◆ **DATA**:
· · ·
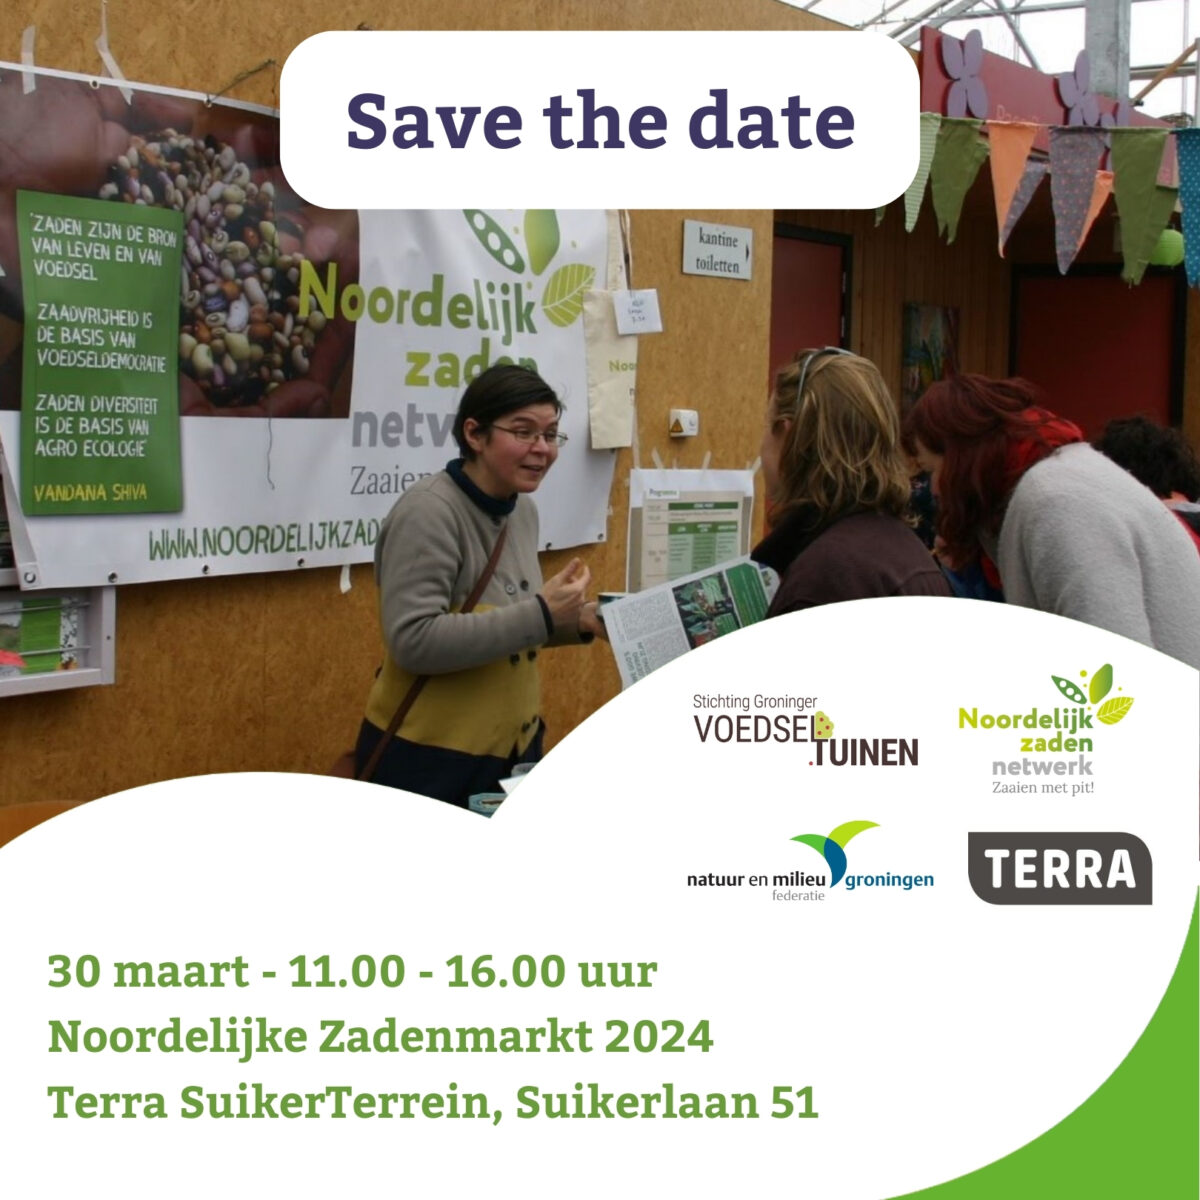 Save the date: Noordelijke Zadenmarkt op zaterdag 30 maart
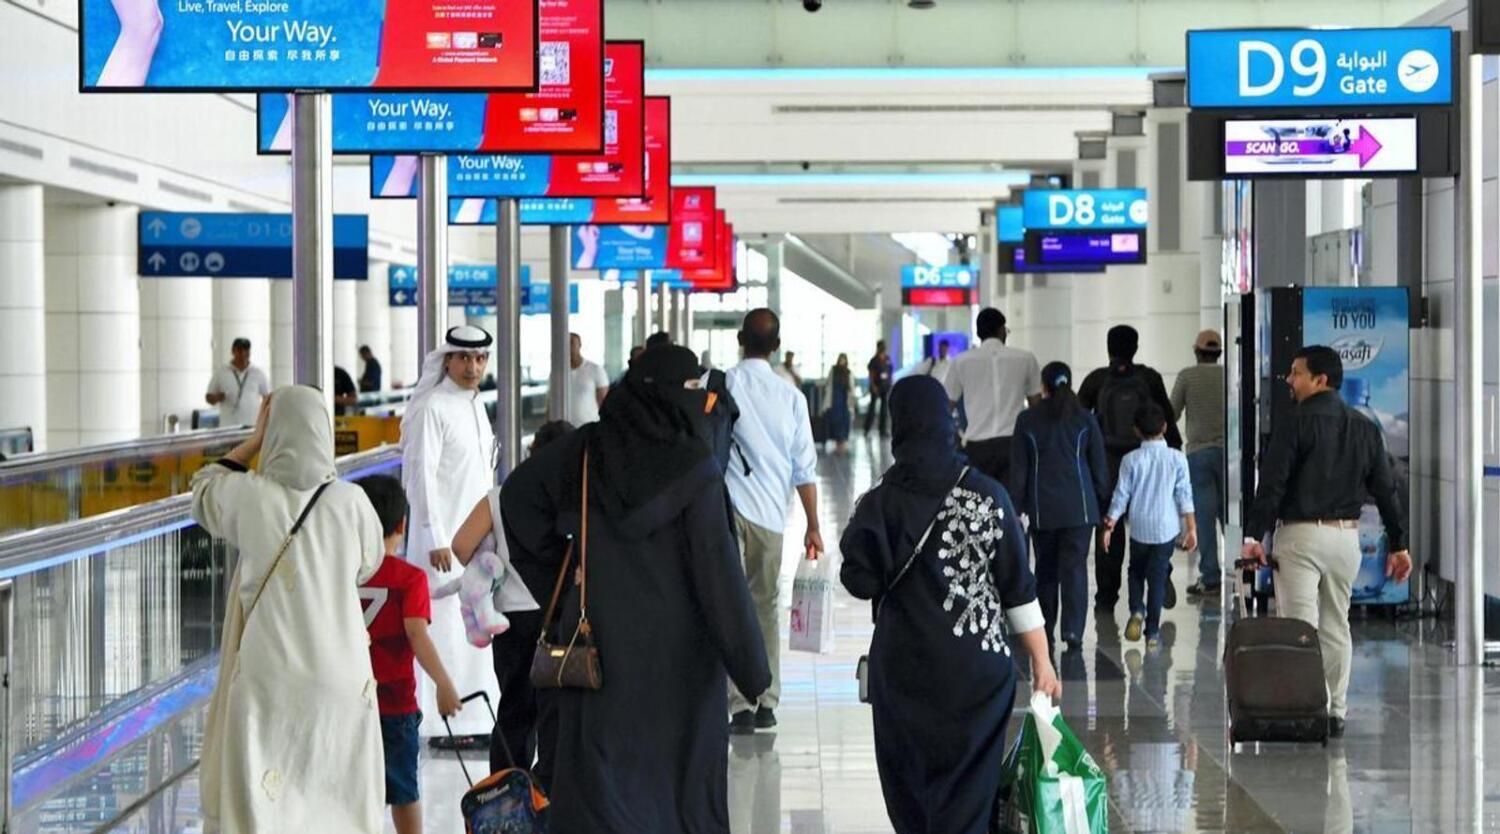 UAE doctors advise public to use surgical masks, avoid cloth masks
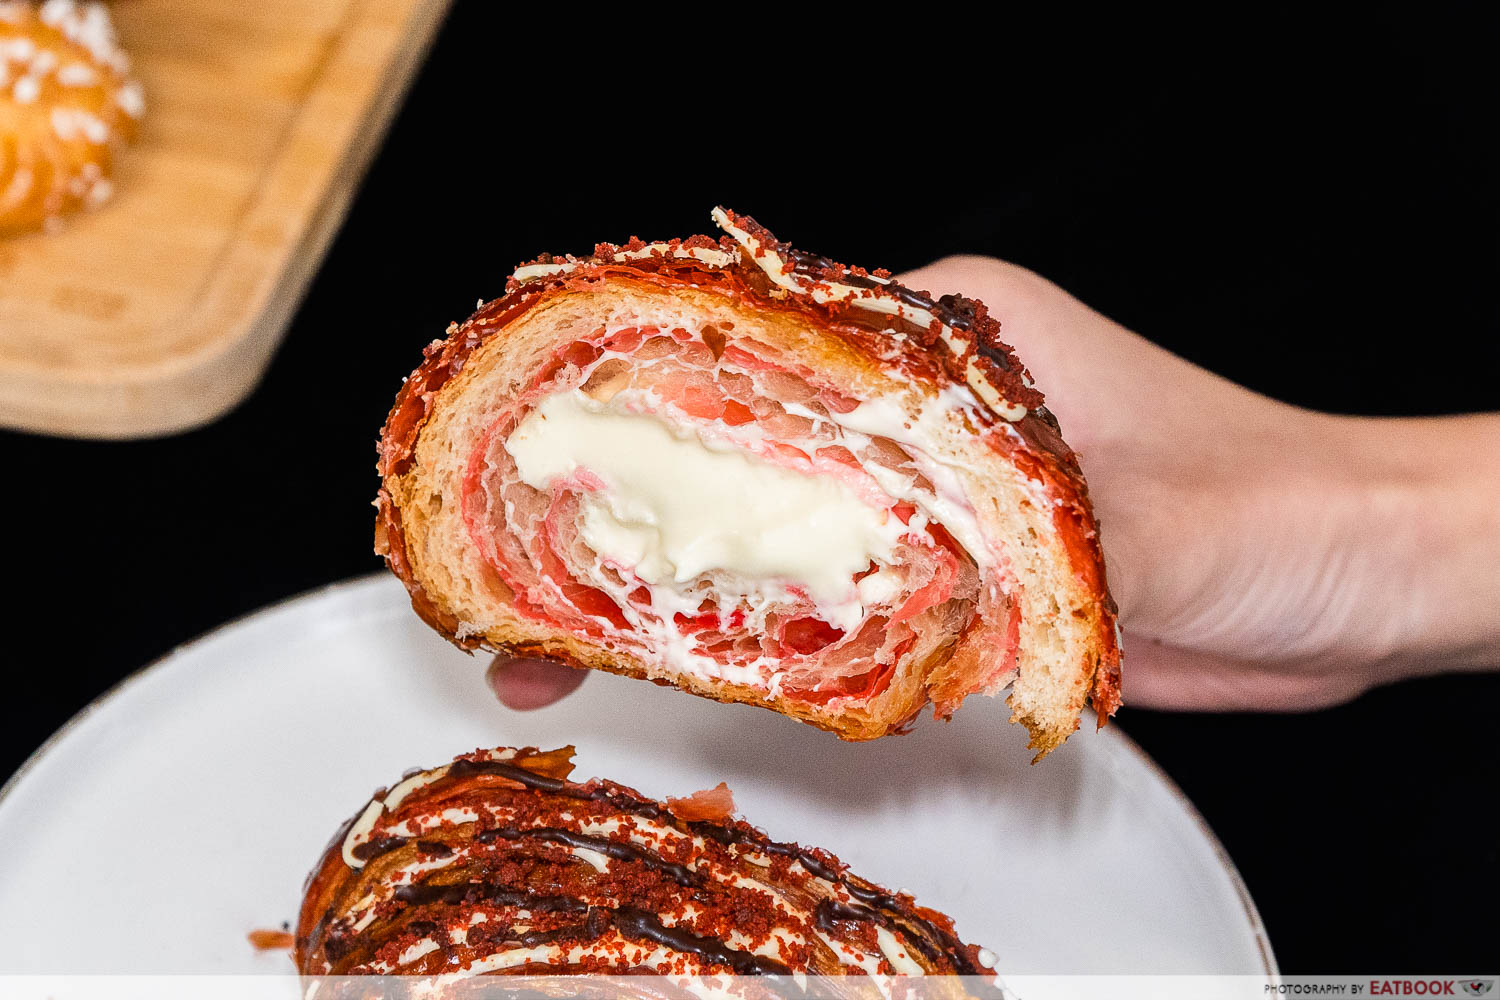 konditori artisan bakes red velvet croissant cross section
· · ·
◆ **DIRECTIONS**: Retype the data above in full, exactly as it stands, and skip any image.

◆ **RESULT OF THIS EXERCISE**:
 Save the date: Noordelijke Zadenmarkt op zaterdag 30 maart
 UAE doctors advise public to use surgical masks, avoid cloth masks
 konditori artisan bakes red velvet croissant cross section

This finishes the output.